Connect to the Smart Protection Network via proxy

Use the following procedure to configure a proxy between agents and the following services in the Smart Protection Network: Global Census, Good File Reputation, Predictive Machine Learning, and the Smart Protection Network itself.
  1. In the Server & Workload Protection console, click Policies at the top.
  2. In the main pane, double-click the policy that you use to protect computers that are behind the proxy.
  3. Set up a proxy to the Global Census, Good File Reputation, and Predictive Machine Learning Services as follows:
    1. Click Settings on the left.
    2. In the main pane, click the General tab.
    3. In the main pane, look for the Network Setting for Census and Good File Reputation Service, and Predictive Machine Learning section.
    4. If the Inherited check box is selected, the proxy settings are inherited from the parent policy. To change the settings for this policy or computer, clear the check box.
    5. Select When accessing Global Server, use proxy and in the list, select your proxy, or select New to specify another proxy.
    6. Save your settings.
  4. Set up a proxy to the Smart Protection Network for use with Anti-Malware:
    1. Click Anti-Malware on the left.
    2. In the main pane, click the Smart Protection tab.
    3. Under Smart Protection Server for File Reputation Service, if the Inherited check box is selected, the proxy settings are inherited from the parent policy.
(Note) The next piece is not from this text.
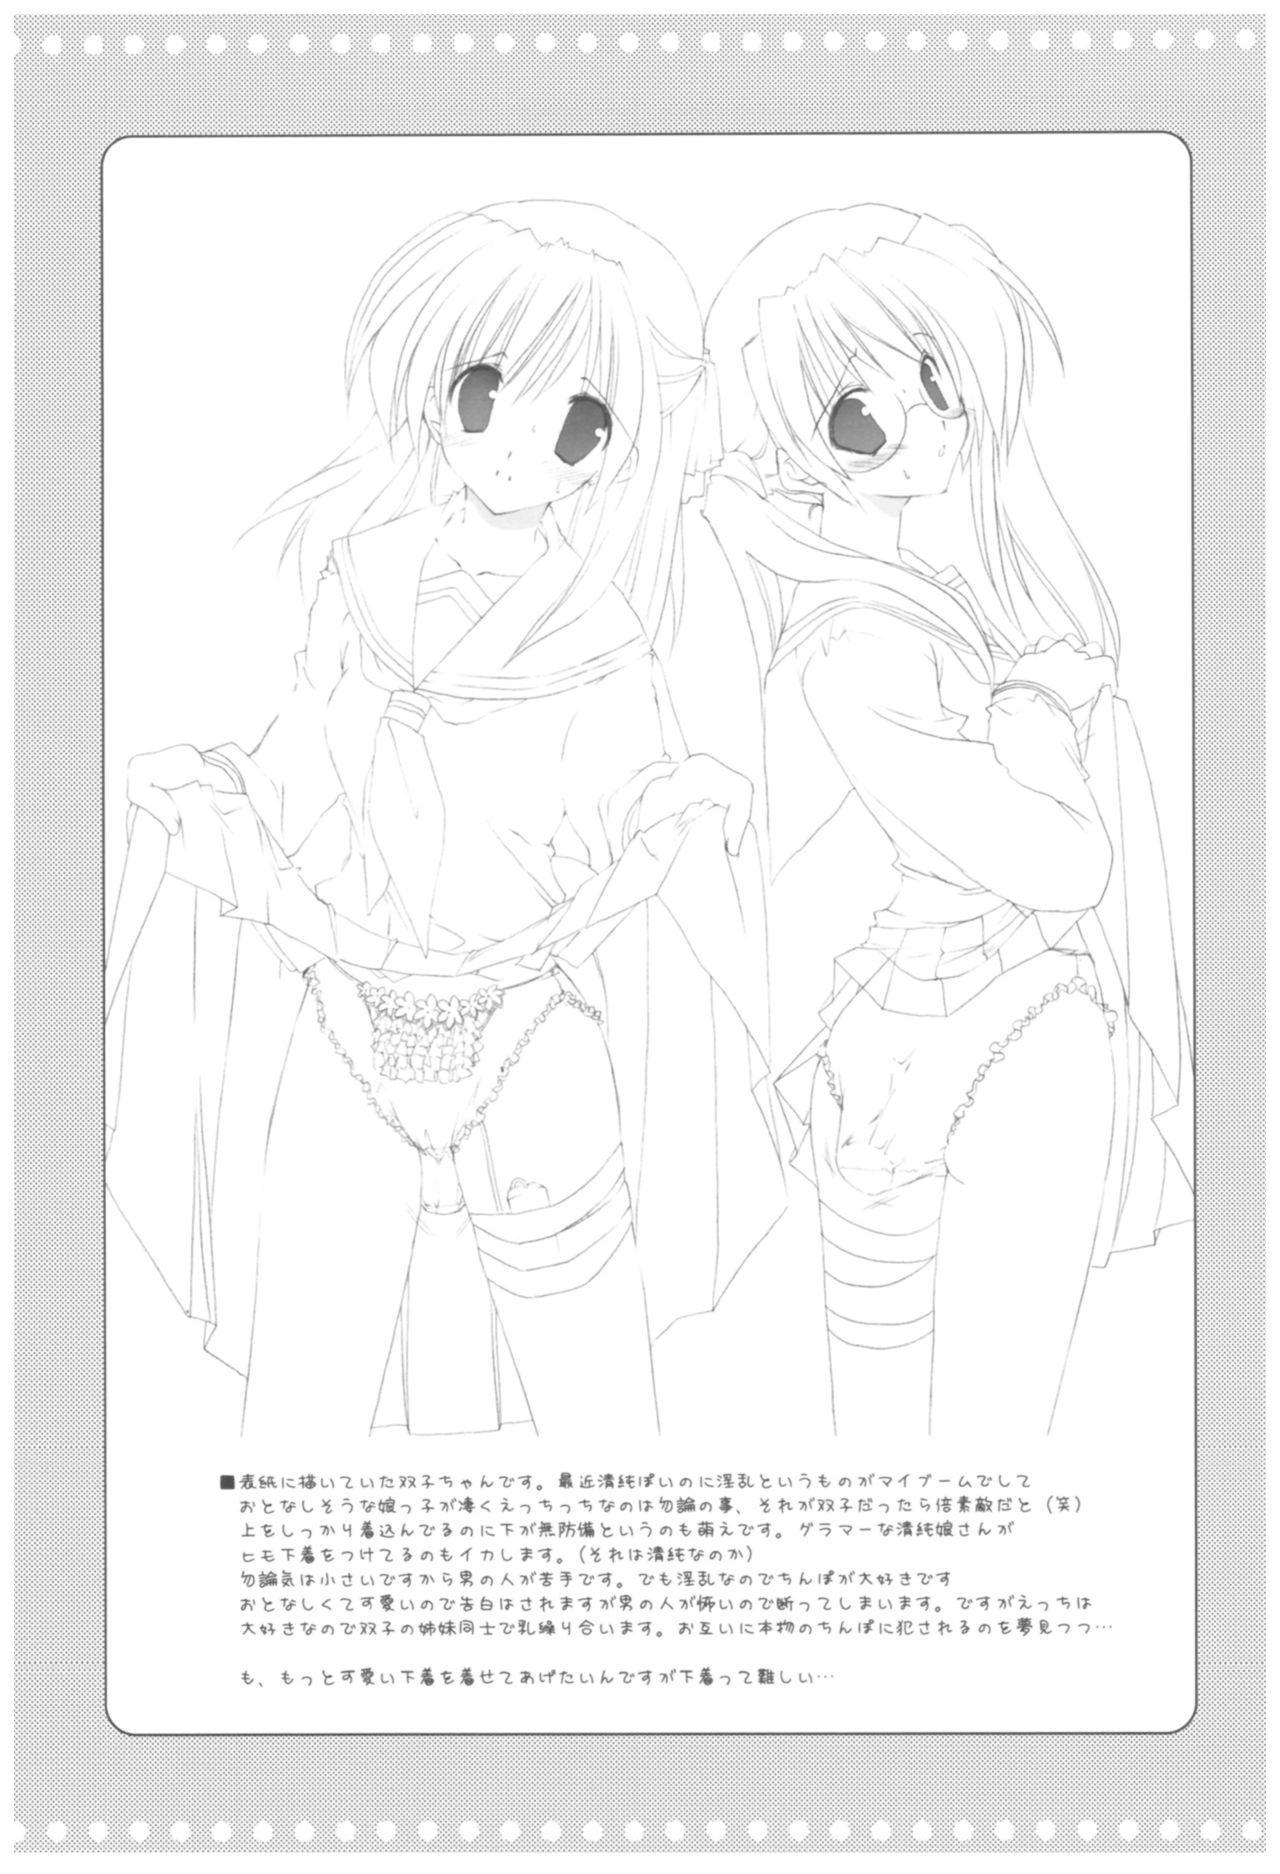 Naedoko Ikusei Kansatsu Kiroku 138
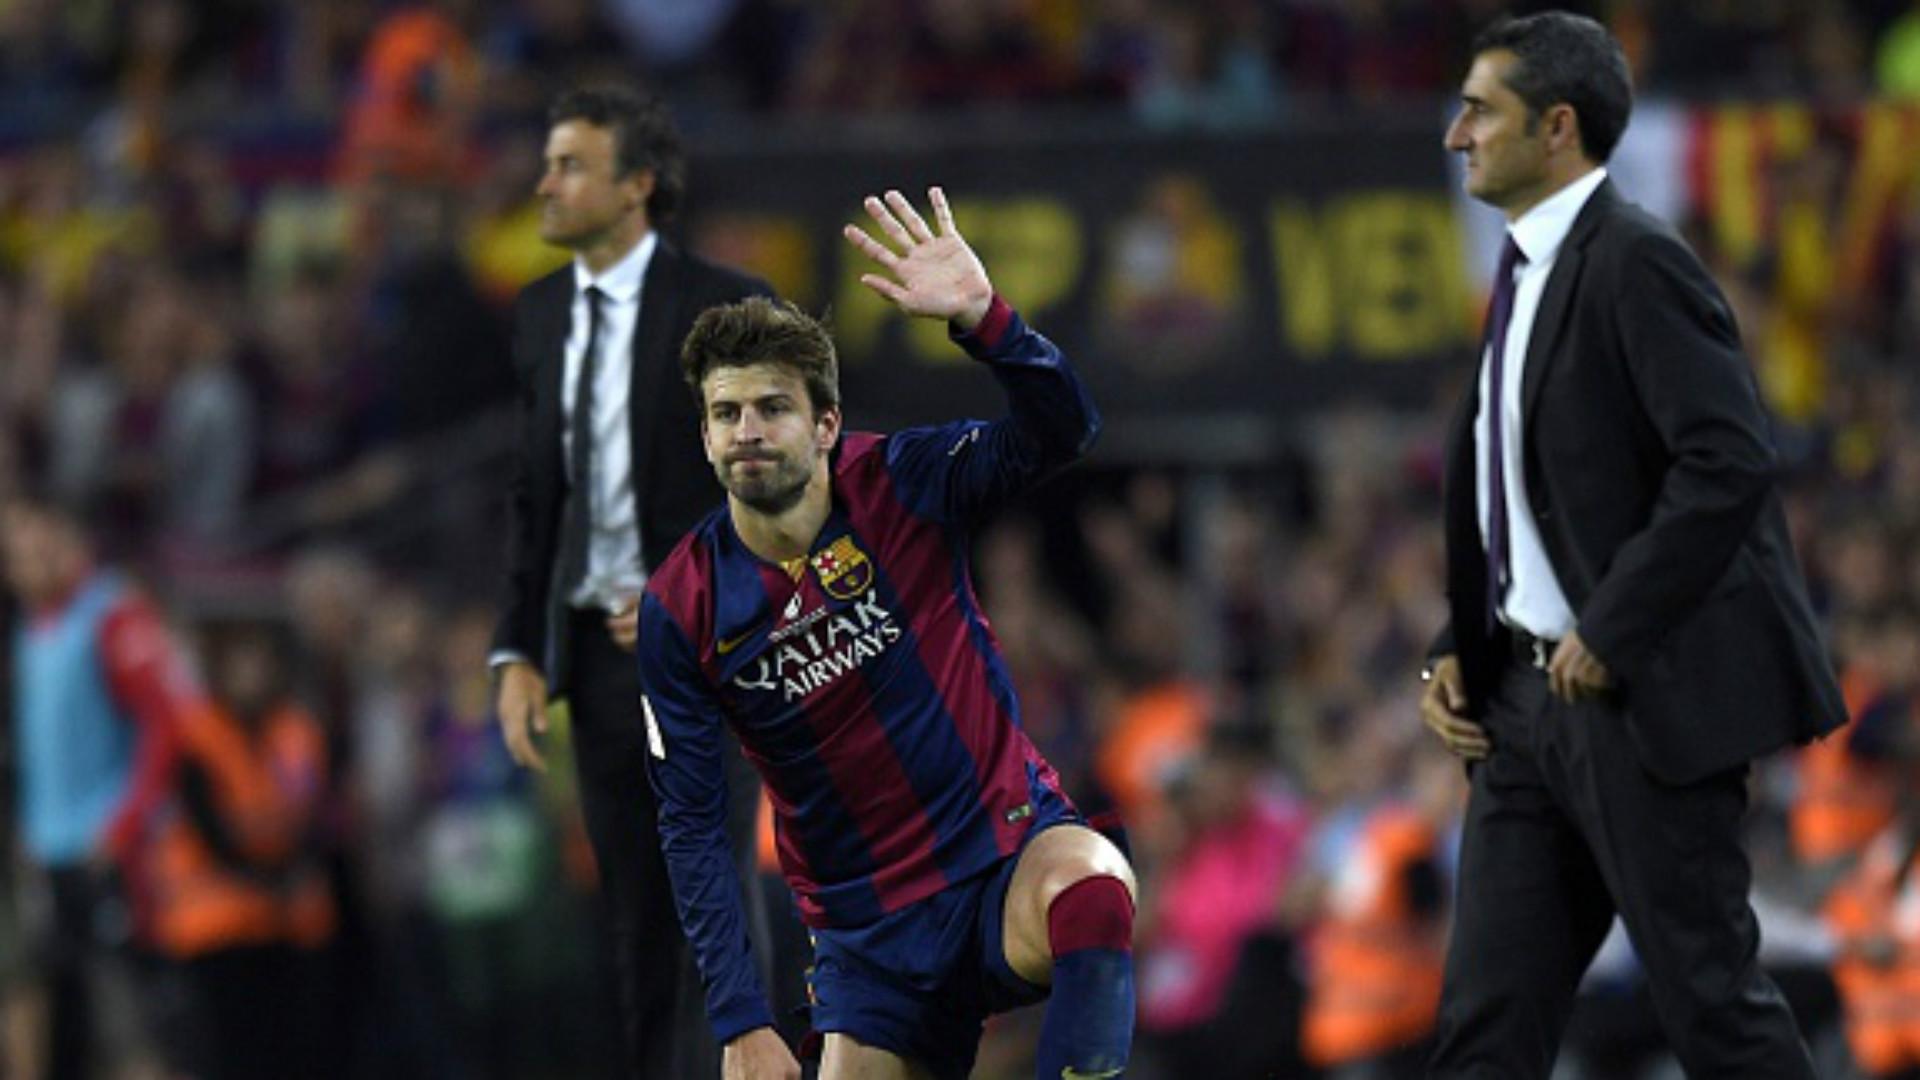 Pique Luis Enrique Valverde Athletic Barcelona Copa del Rey

To change the settings for this policy or computer, clear the check box.
    4. Select Connect directly to Global Smart Protection Service.
    5. Select When accessing Global Smart Protection Service, use proxy and in the list, select your proxy or select New to specify another proxy.
    6. Specify your proxy settings and click OK.
    7. Save your settings.
  5. Set up a proxy to the Smart Protection Network for use with Web Reputation:
    1. Click Web Reputation on the left.
    2. In the main pane, click the Smart Protection tab.
    3. Under Smart Protection Server for Web Reputation Service, set up your proxy, the same way you did under Anti-Malware in a previous step.
    4. With Web Reputation still selected on the left, click the Advanced tab.
    5. In the Ports section, select a group of port numbers that includes your proxy's listening port number, and then click Save.
      For example, if you’re using a Squid proxy server, you would select the Port List Squid Web Server. If you don’t see an appropriate group of port numbers, go to Policies Common Objects Lists Port Lists and then click New to set up your ports.
    6. Save your settings.
  6. Send the new policy to your agents. See Send policy changes manually.
Your agents will now connect to the Smart Protection Network through a proxy.

Remove a proxy

To remove a proxy between agent and Server & Workload Protection, or agent and relay

Redeploy agents using new deployment scripts that no longer contain proxy settings. For details, see Use deployment scripts to add and protect computers.
OR
Run the following dsa_control commands on the agents:
dsa_control -x ""
dsa_control -y ""
dsa_control --pacproxy "" manager relay
Those commands remove the proxy settings from the agent's local configuration.
For details on dsa_control and its -x, -y, and --pacproxy options, see dsa_control.

To remove a proxy between any other components

Run through the instructions on connecting through a proxy, but complete them in reverse, so that you remove the proxy.